[Given information]
□ □ □

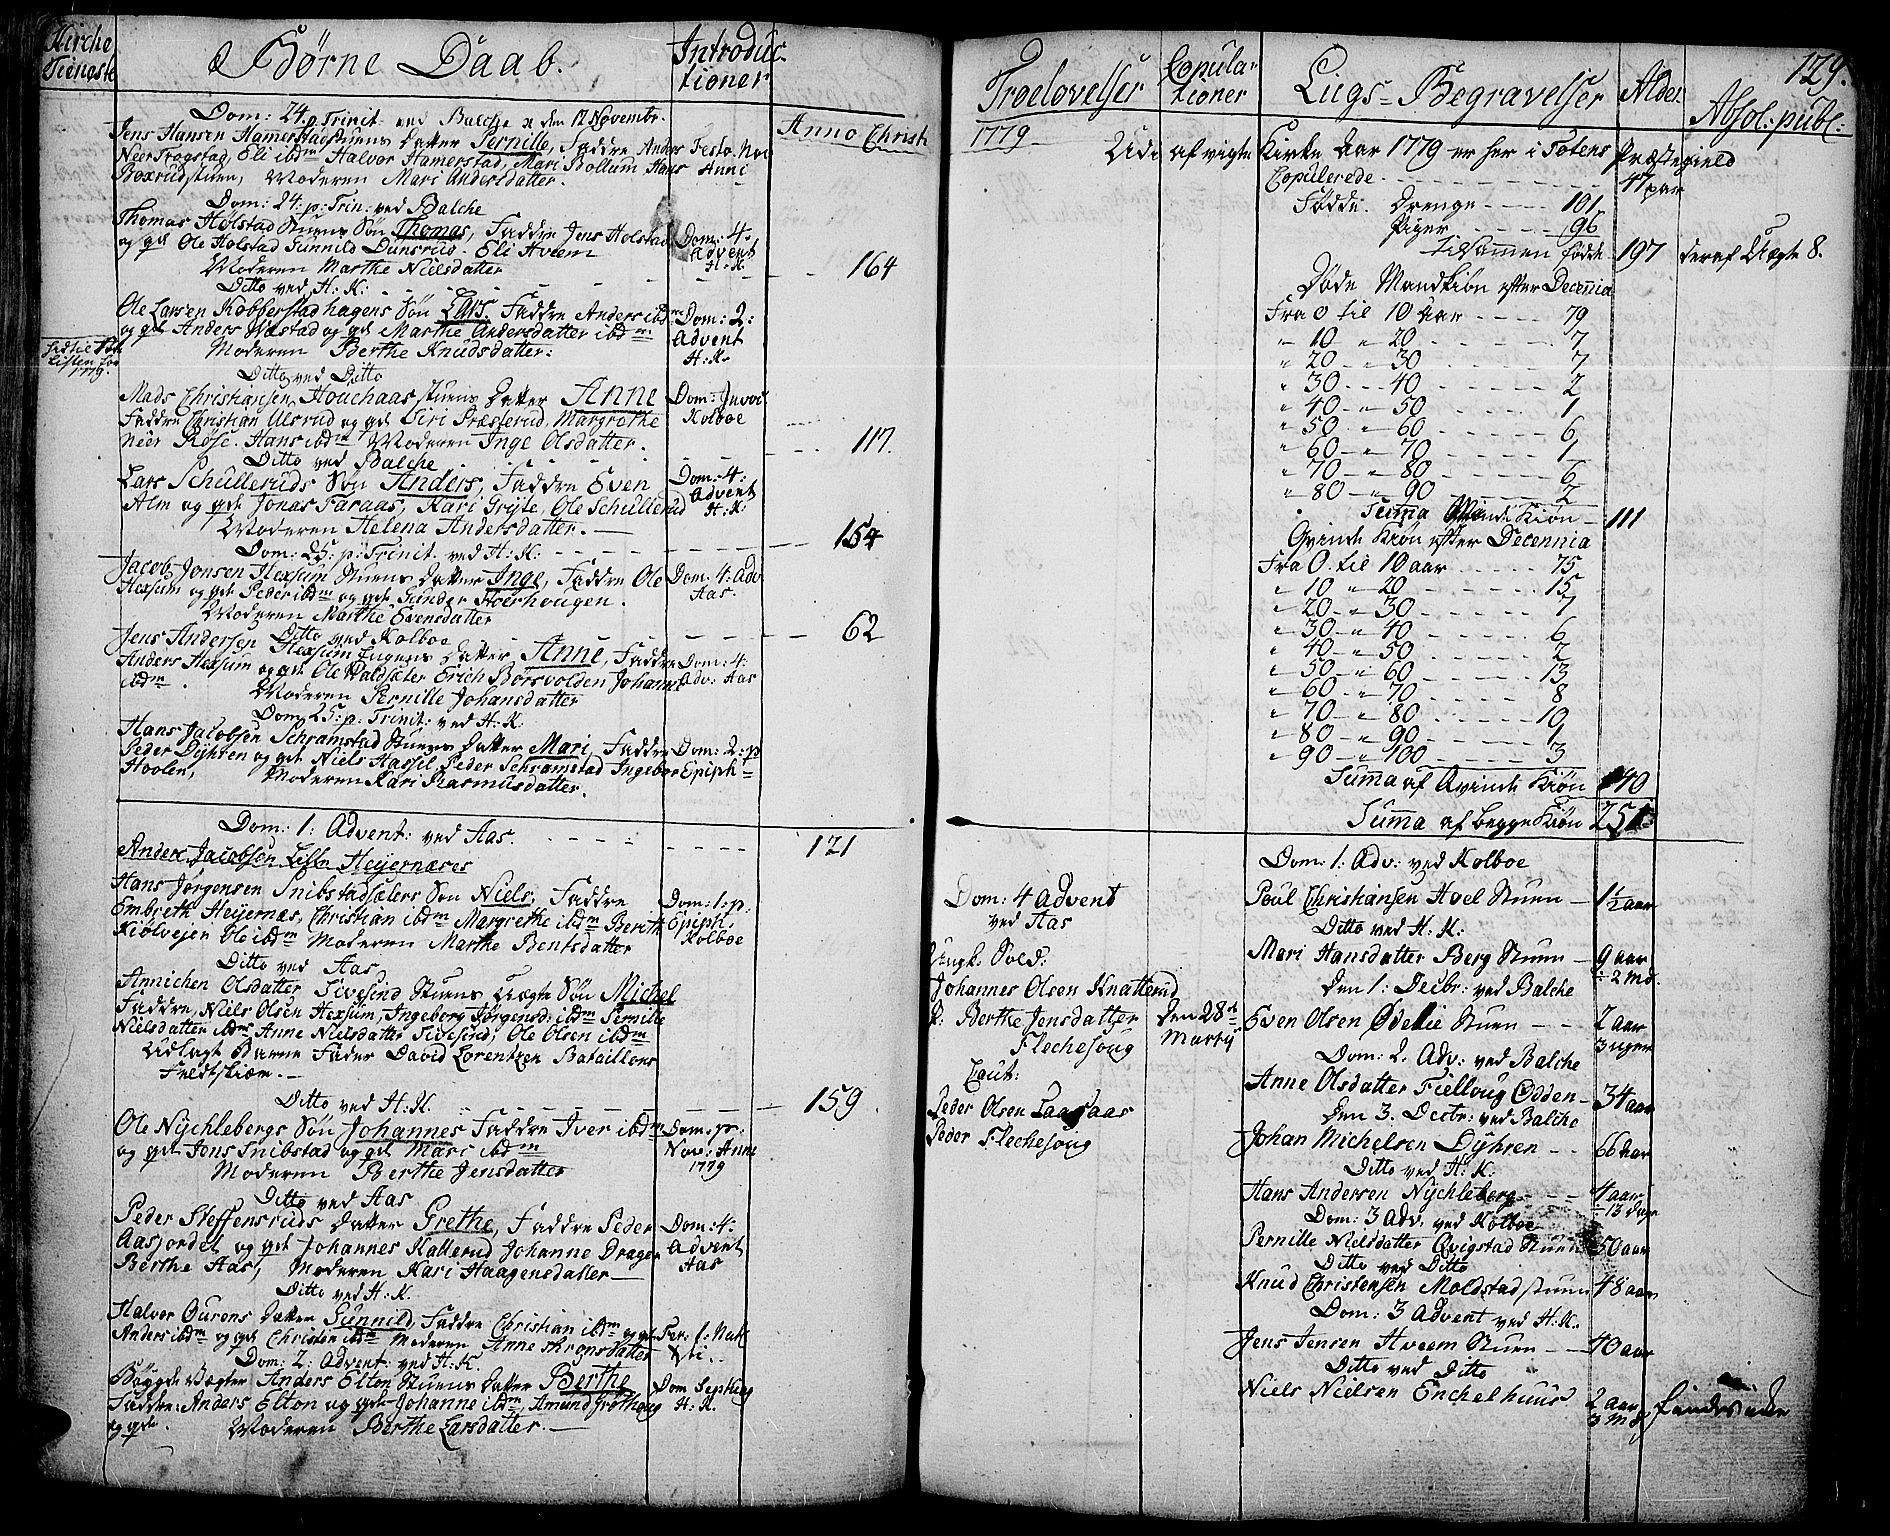 SAH, Toten prestekontor, Ministerialbok nr. 6, 1773-1793, s. 129
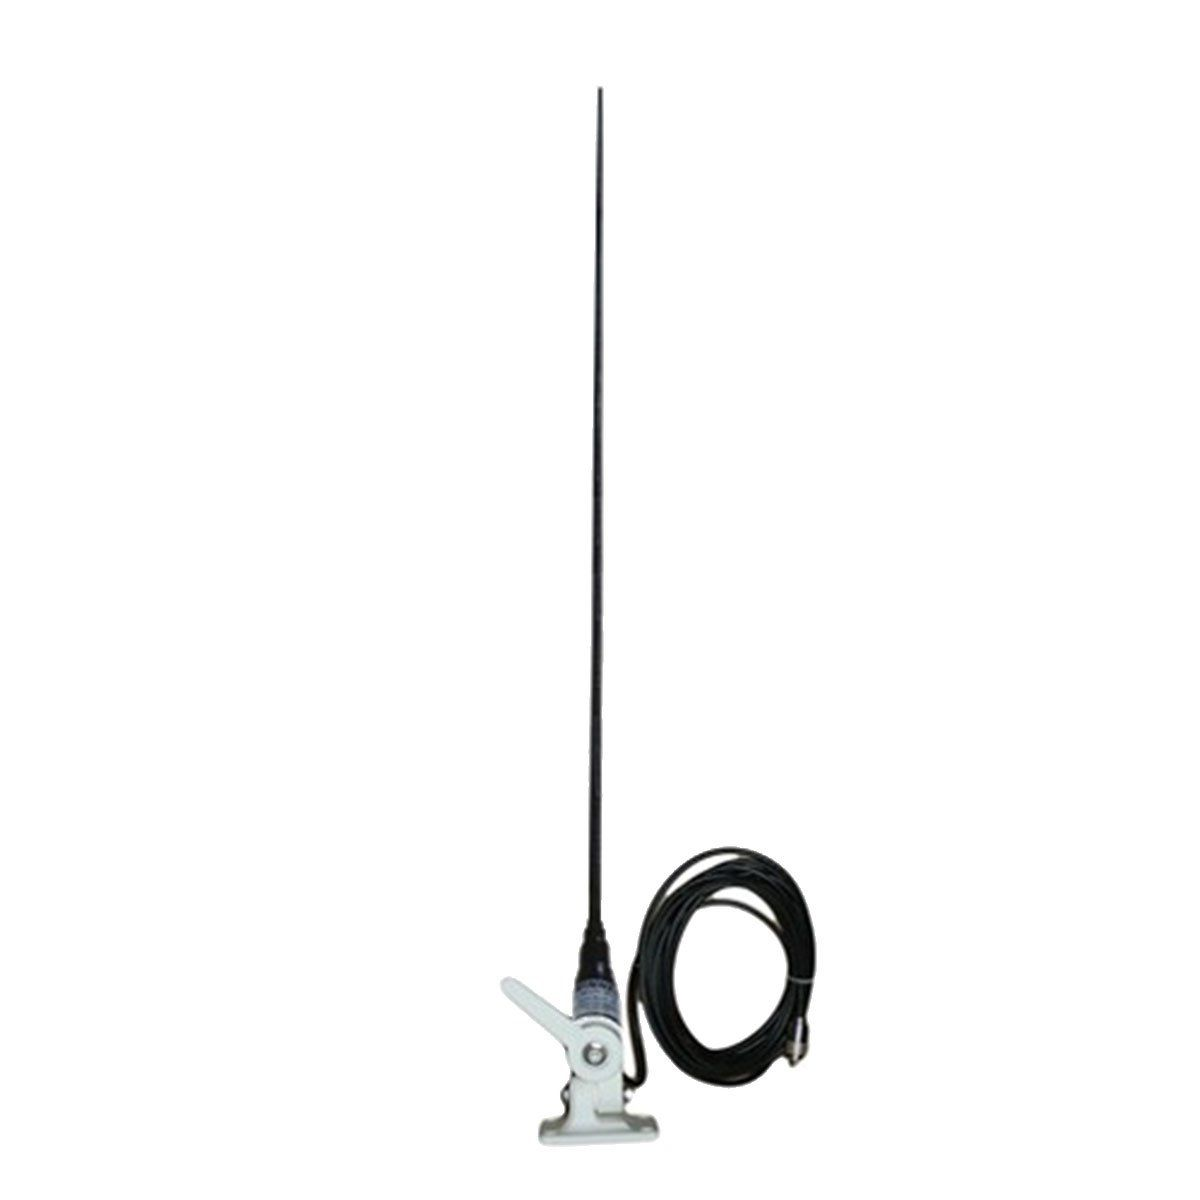 Antena VHF -9 DBI Preta
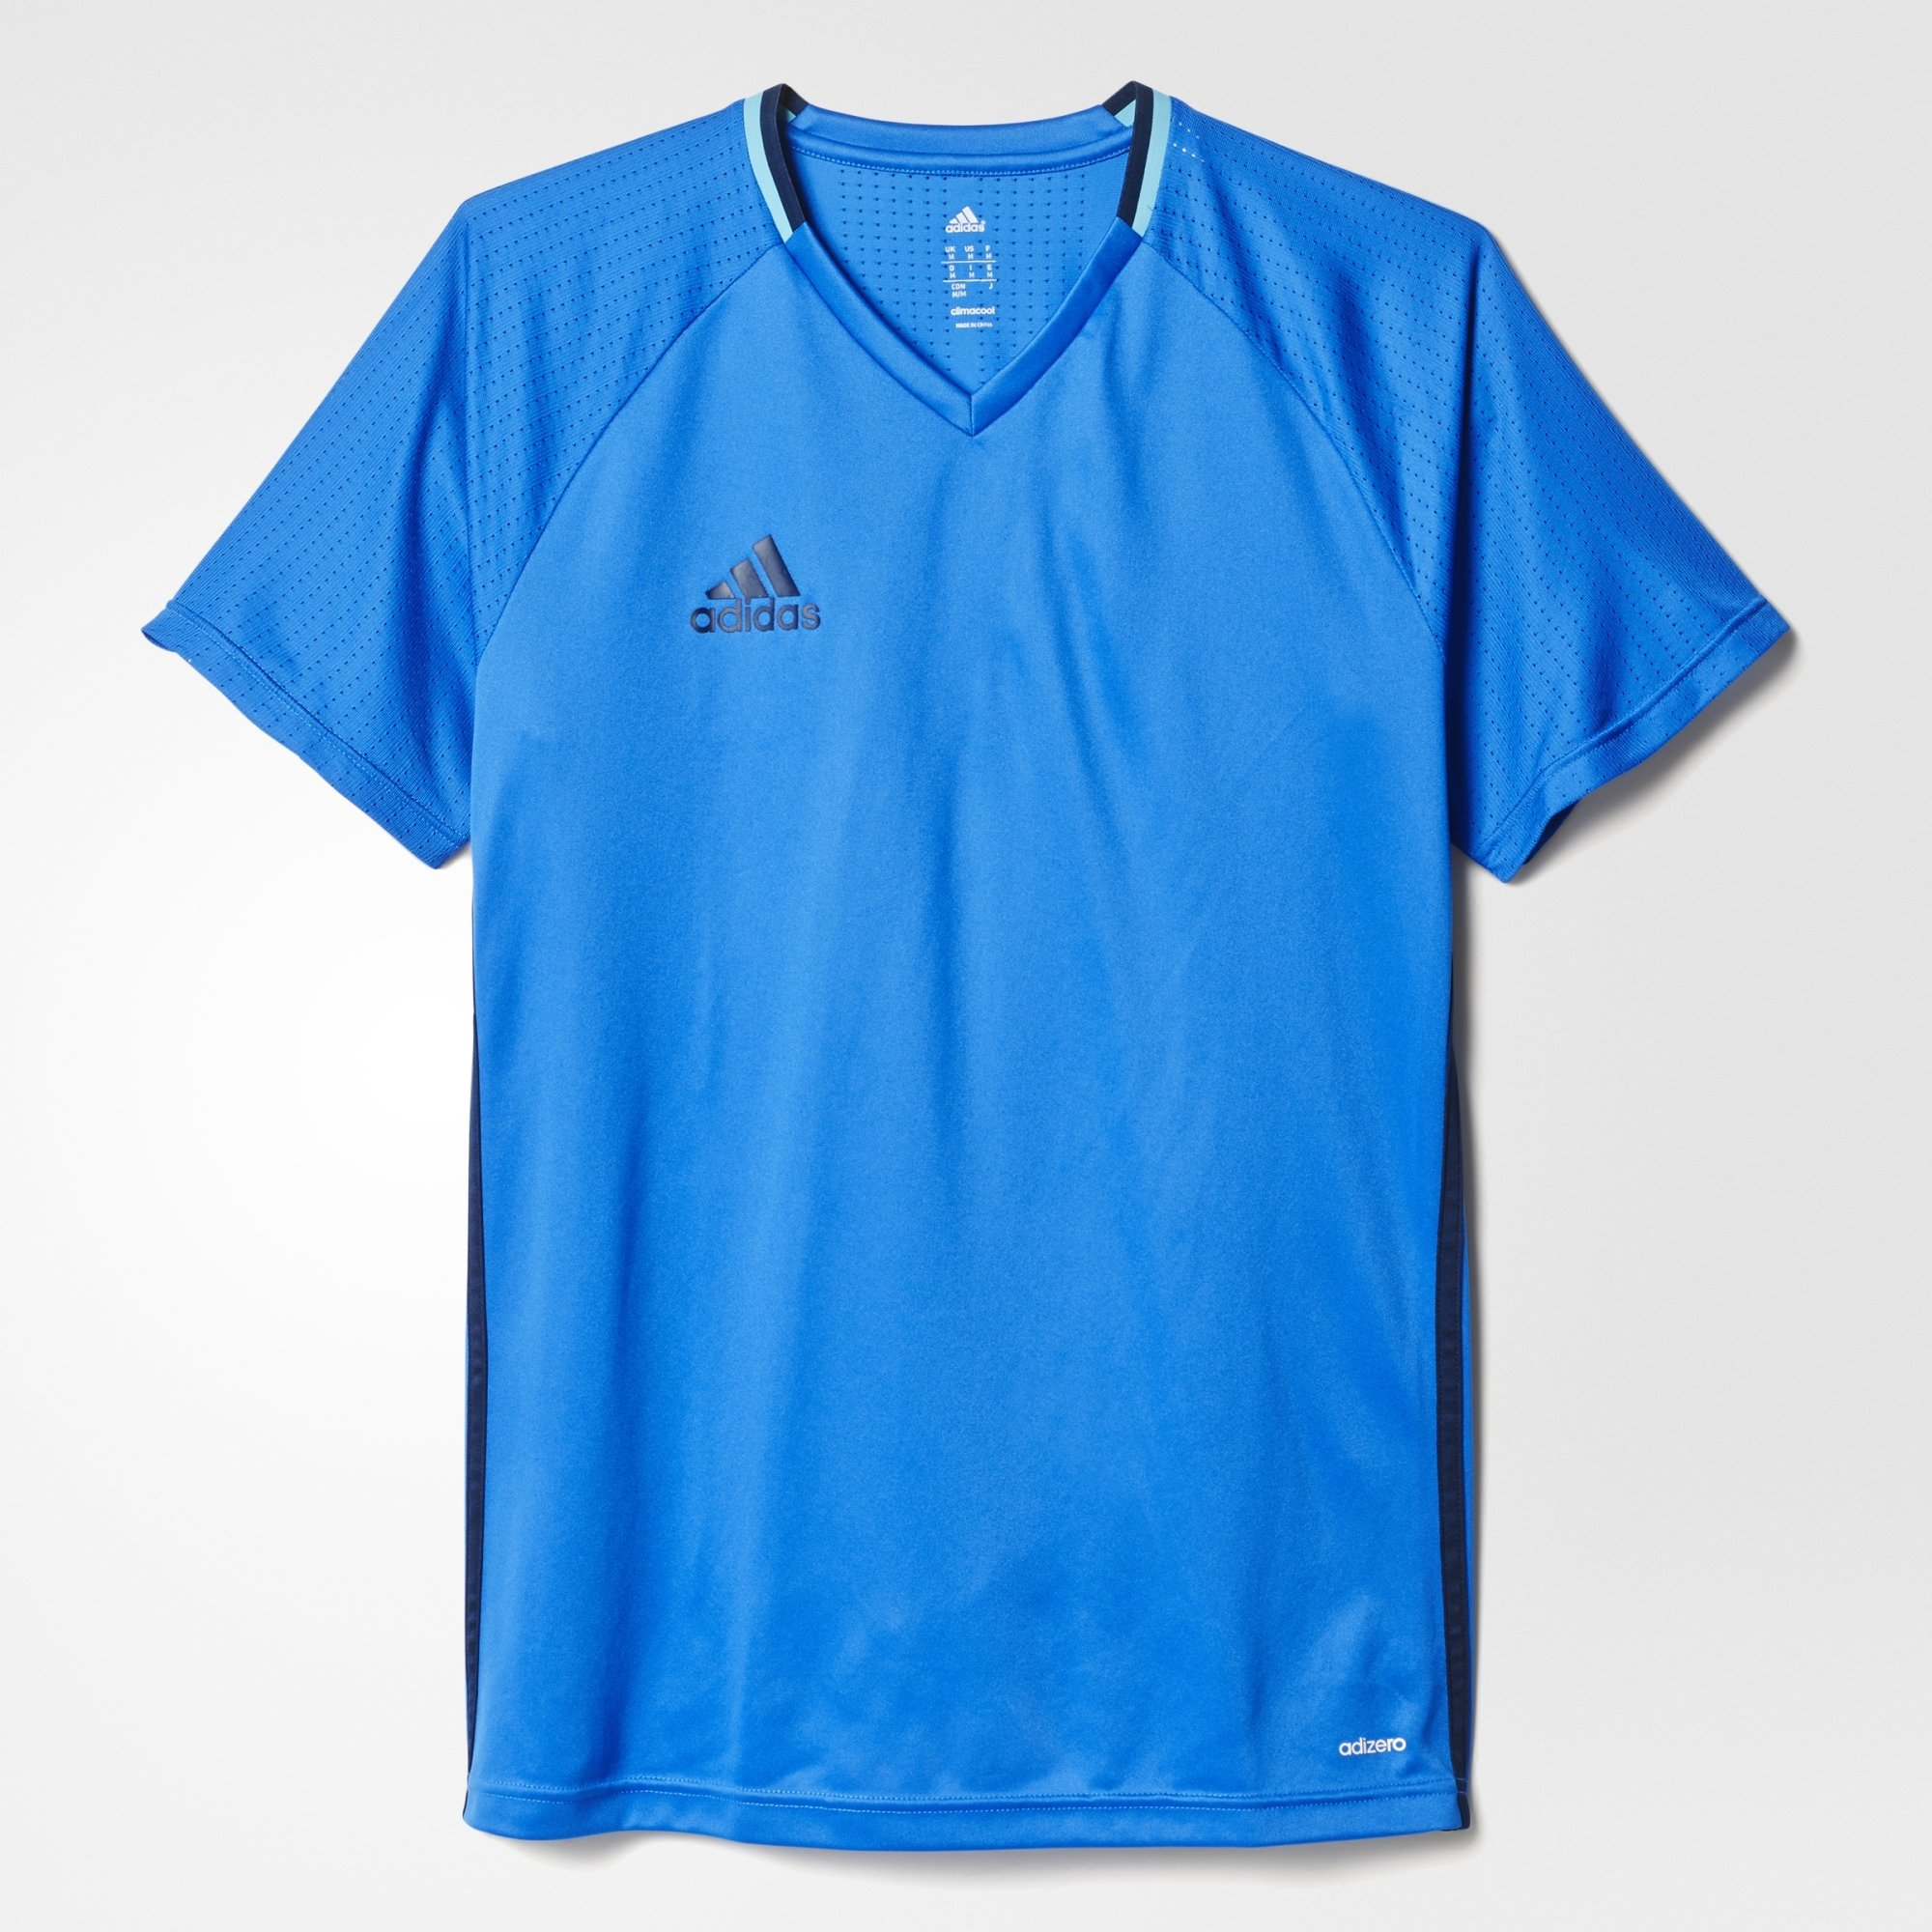 maillot adidas CON16 TRG JSY

□ □ □

[The task]
Exact reproduction is required. Output only the lines from the one with "Antena VHF -9 DBI Preta" through the end of the listing above, both ends included, and no pictures.

[Expected output]
 Antena VHF -9 DBI Preta
 maillot adidas CON16 TRG JSY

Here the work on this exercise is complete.